Archivers - Solana’s Solution to Petabytes of Blockchain Data Storage
Learn more about 1 of the 8 innovations that make Solana the most performant blockchain in the world.
Solana is the most performant permissionless blockchain in the world. On current iterations of the Solana Testnet, a network of 200 physically distinct nodes supports a sustained throughput of more than 50,000 transactions per second when running with GPUs. Achieving as such requires the implementation of several optimizations and new technologies, and the result is a breakthrough in network capacity that signals a new phase in blockchain development.
There are 8 key innovations that make the Solana network possible:
- Proof of History (POH)— a clock before consensus;
- Tower BFT — a PoH-optimized version of PBFT;
- Turbine — a block propagation protocol;
- Gulf Stream — Mempool-less transaction forwarding protocol;
- Sealevel — Parallel smart contracts run-time;
- Pipelining — a Transaction Processing Unit for validation optimization
- Cloudbreak — Horizontally-Scaled Accounts Database; and
- Archivers — Distributed ledger store
In this blog post, we’ll explore Archivers, Solana’s distributed ledger store for petabytes of blockchain data storage. We were introduced to Proof of Replication by Filecoin in 2017. In 2018, we built our version of PoRep for Solana using a VDF, and optimized for batch verification.

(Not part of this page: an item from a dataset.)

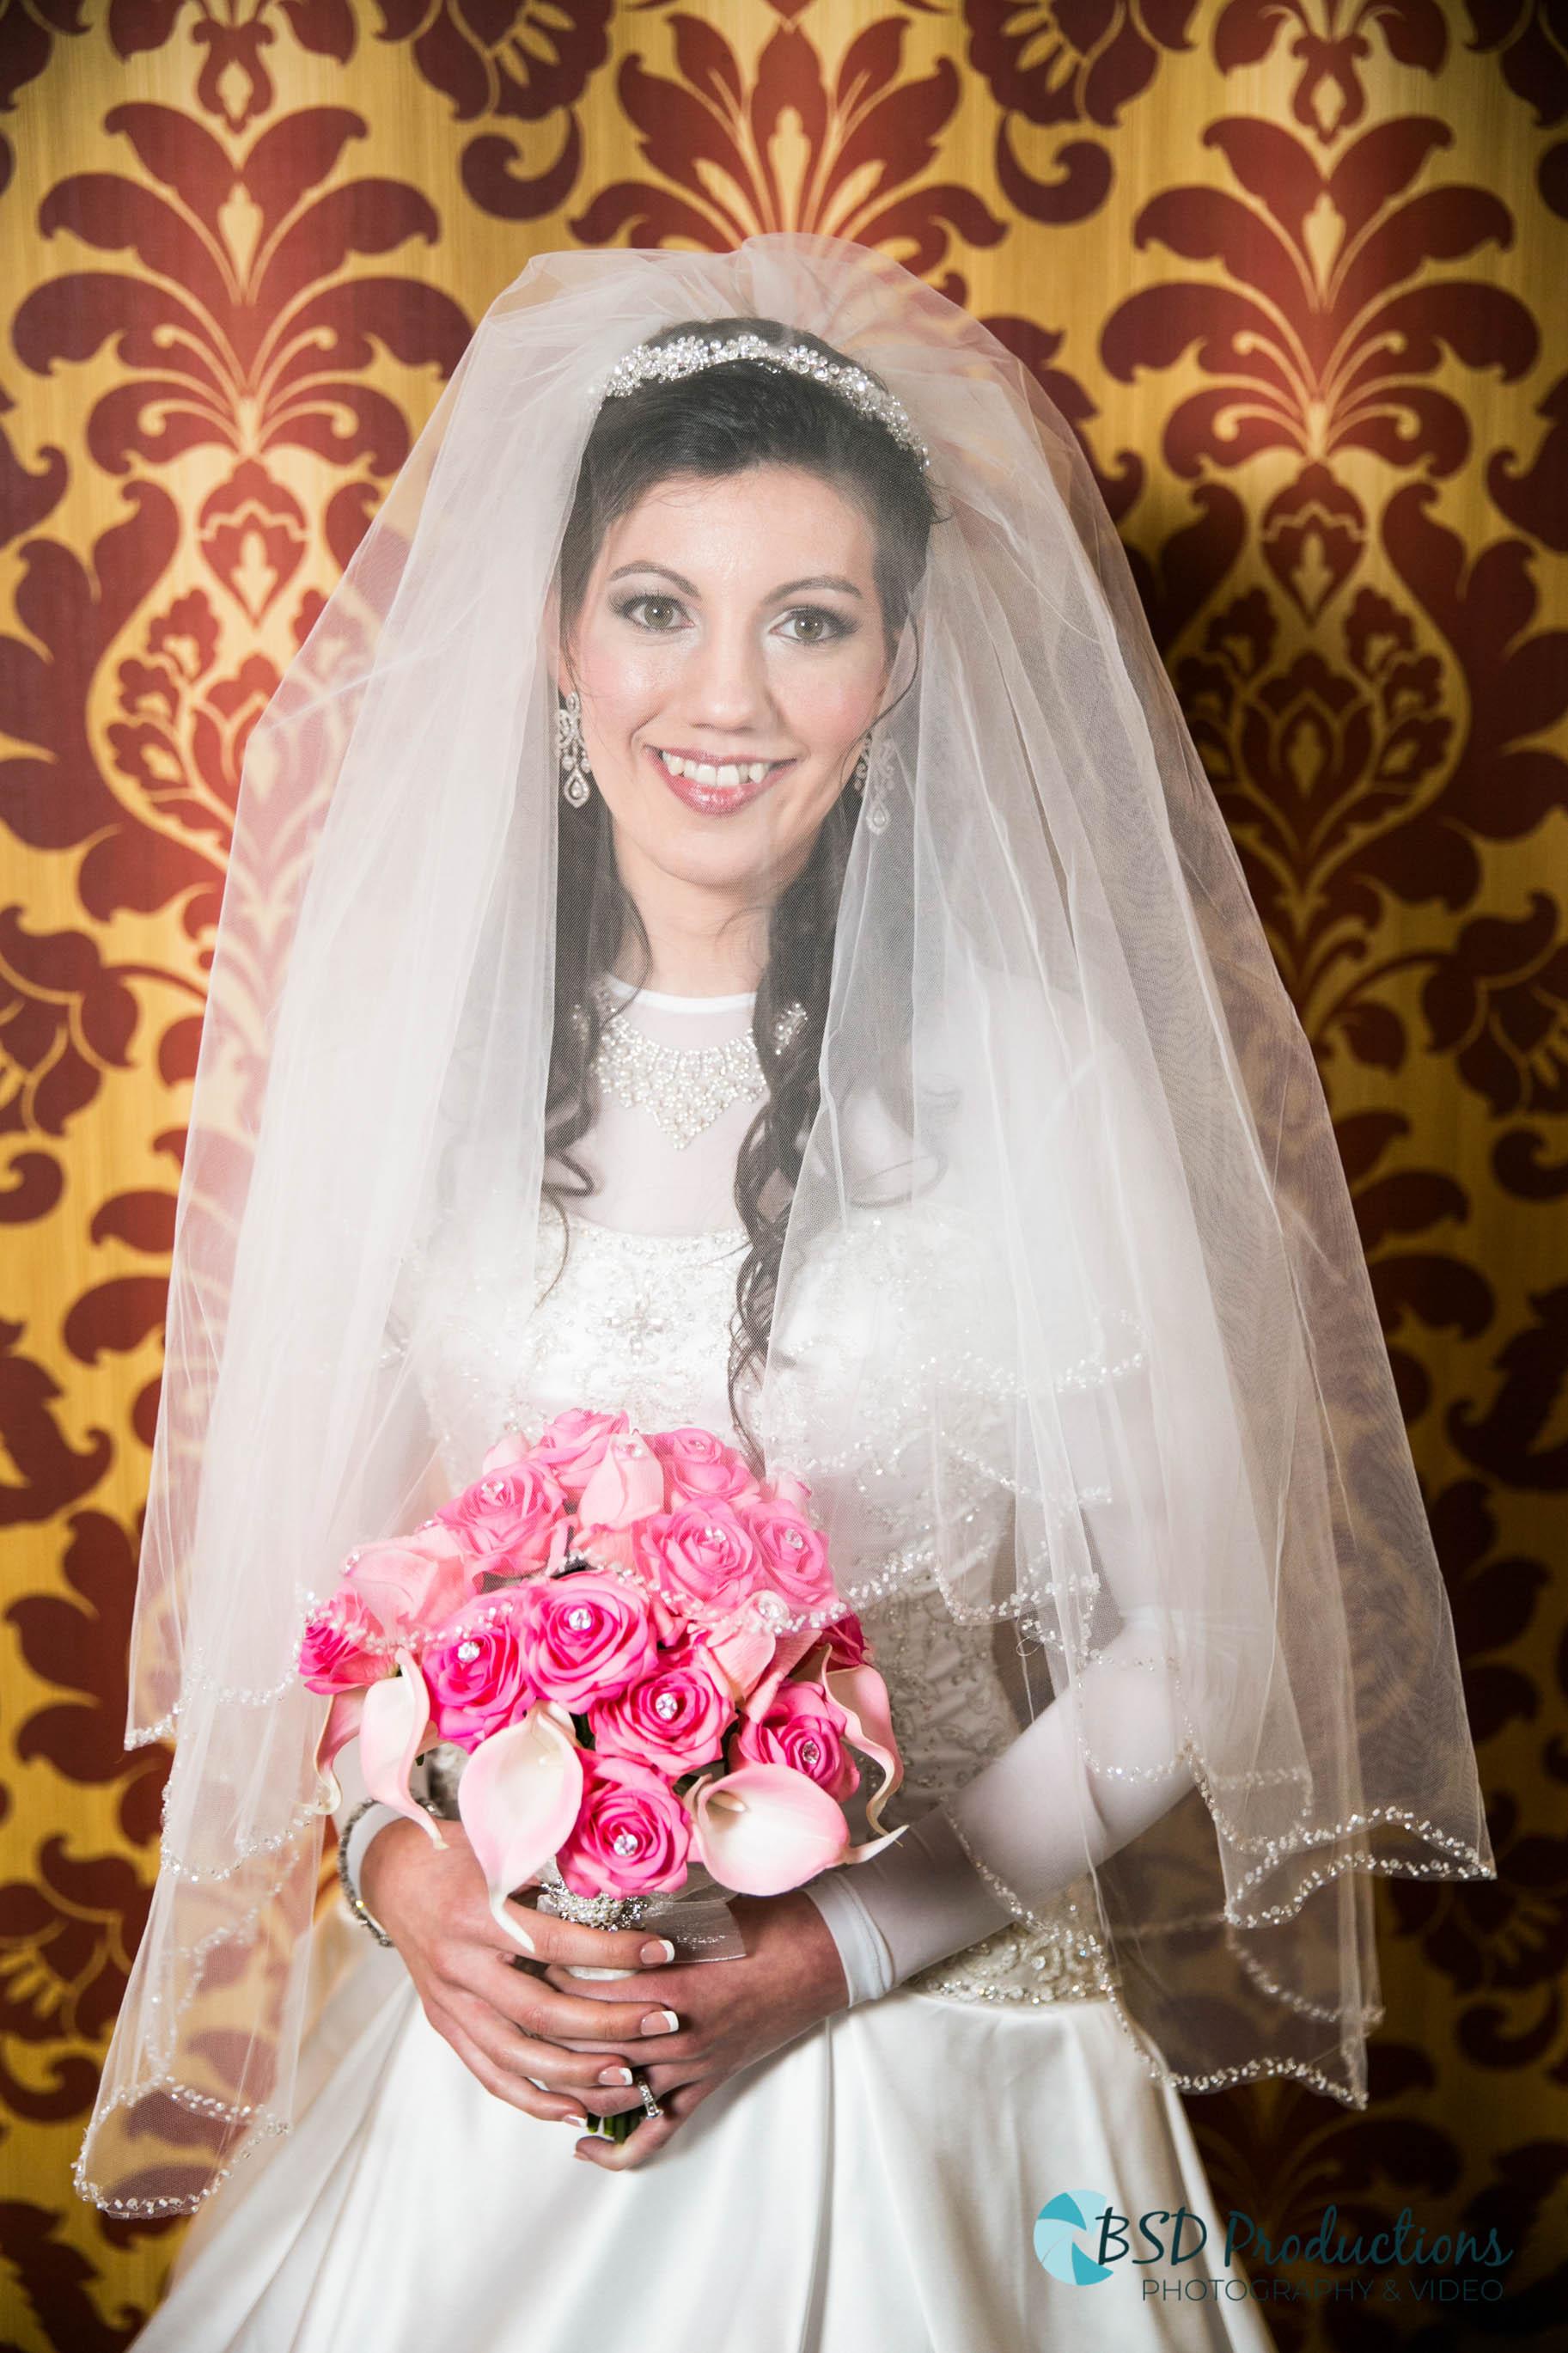 D_R_9823 Wedding – BSD Productions Photography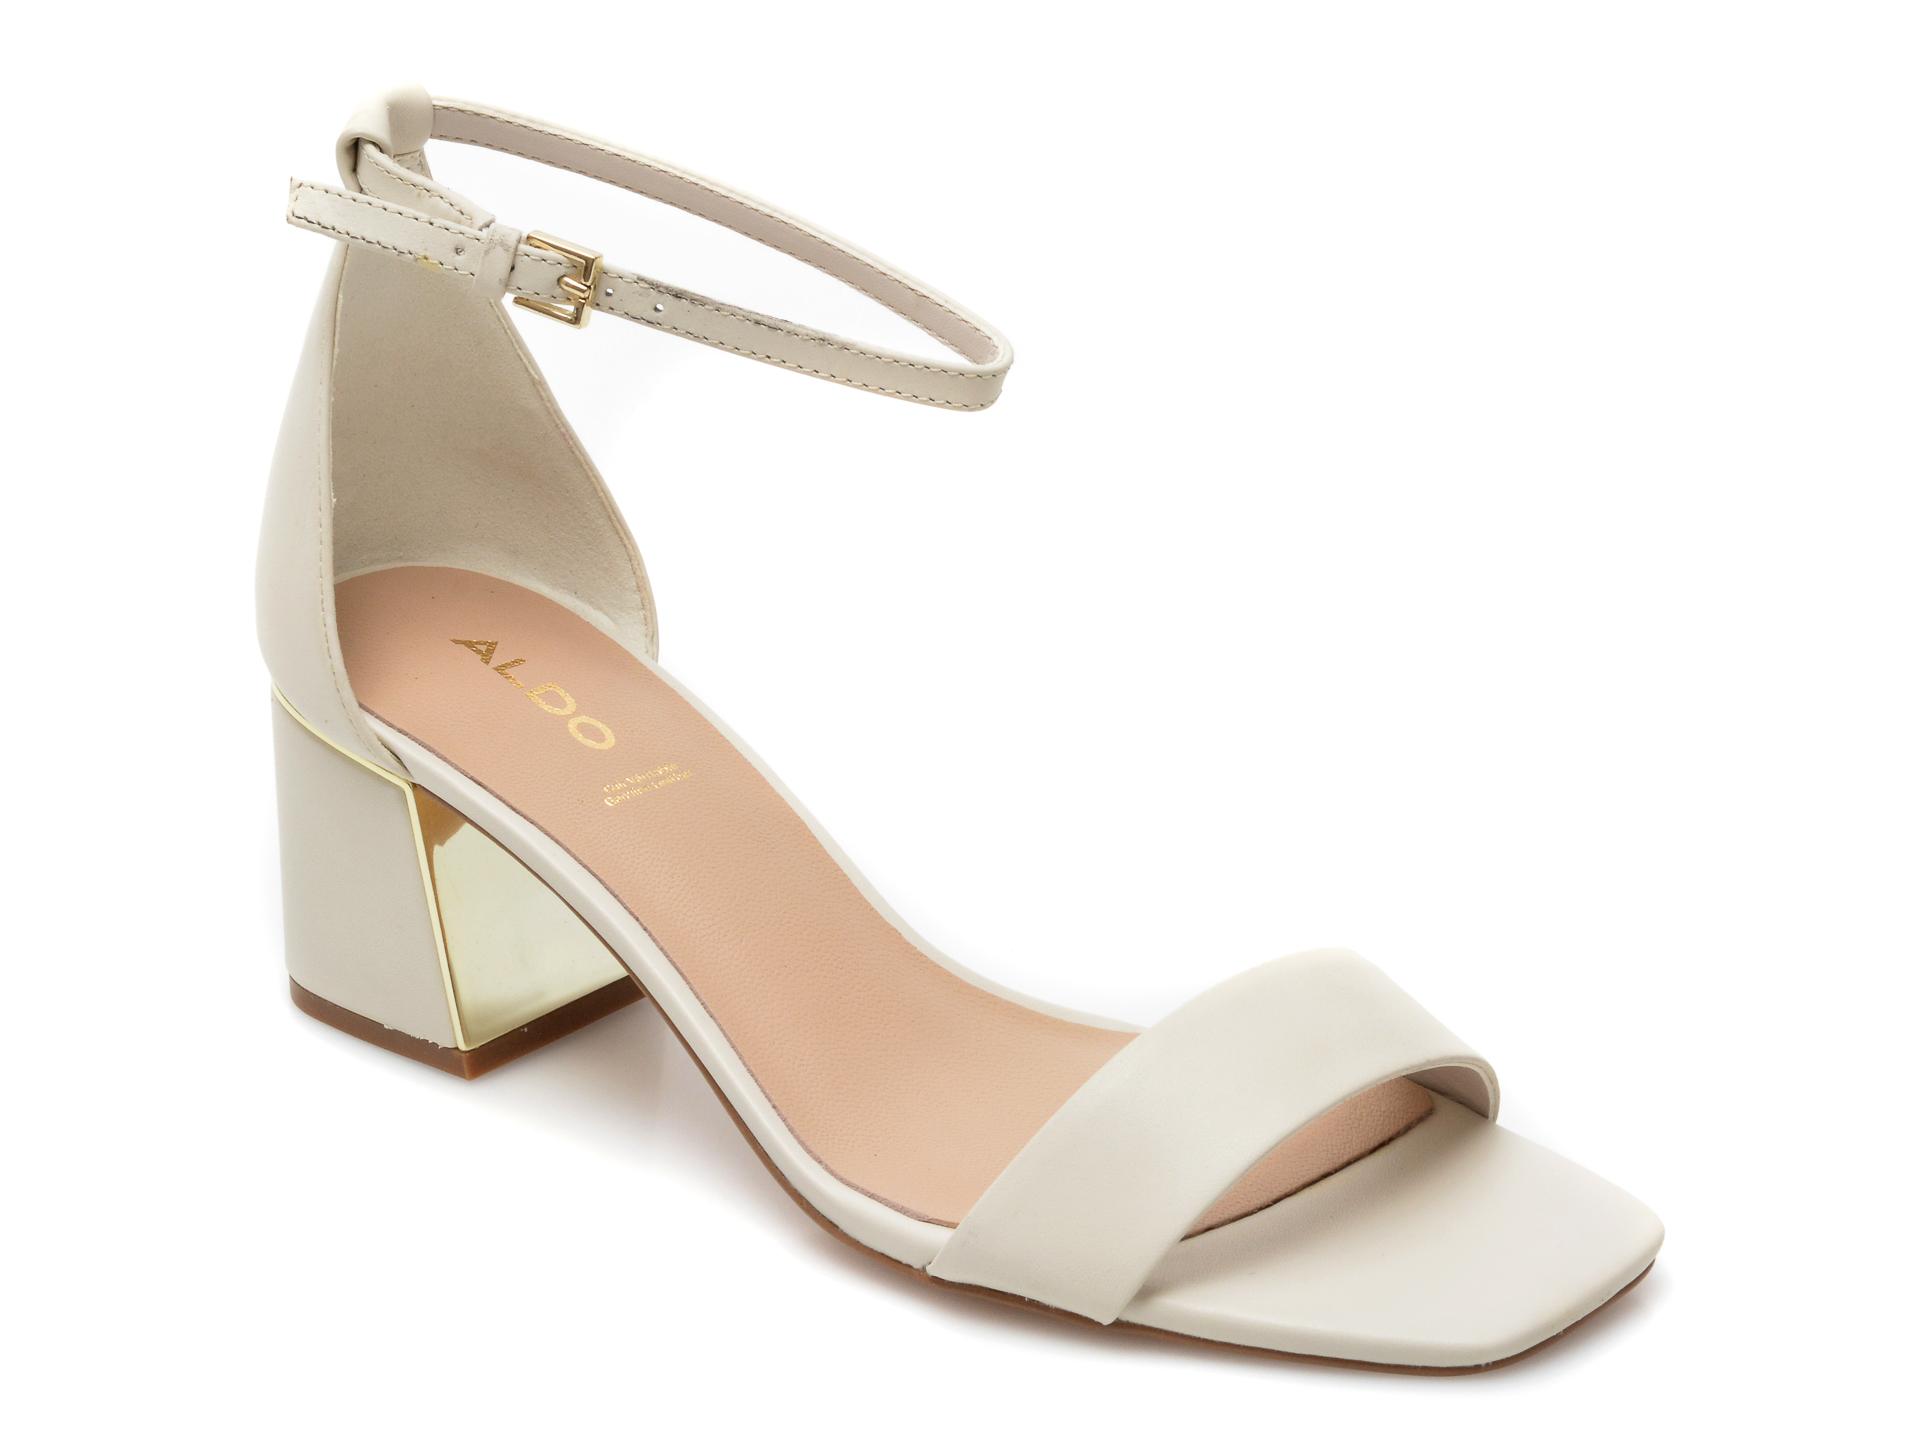 Sandale ALDO albe, Kedeaviel100, din piele naturala imagine otter.ro 2021

At full capacity, the Solana network will generate 1gb/s * 365 days = 4 petabytes of data every year. If every node in the network is required to store all that data, it would limit network membership to a centralized few that maintain that kind of storage capacity. Our Proof of History technology can be leveraged to mitigate this problem by allowing a fast-to-verify implementation of Proof of Replication and enabling a bit torrent-esque distribution of the ledger across millions of Archiver nodes around the world. Archivers are not consensus participants, and have very low hardware requirements.
At a high level, the Solana Archiver network functions as follows: Archivers must signal to the network that they have X bytes of space available for storing data. On some frequency, the network divides the ledger history into pieces to target some replication rate (currently we’re expecting a target rate around 100x) and fault tolerance (achieved with erasure coding) based on the number of Archiver identities and total available storage of Archivers. Once Replicator:data assignments are made, each Replicator downloads her respective data from consensus validators. On some frequency, Archivers will be challenged to prove they’re storing data, at which point they must complete a proof of replication (PoRep). Archivers are awarded ~3% of inflation for their efforts.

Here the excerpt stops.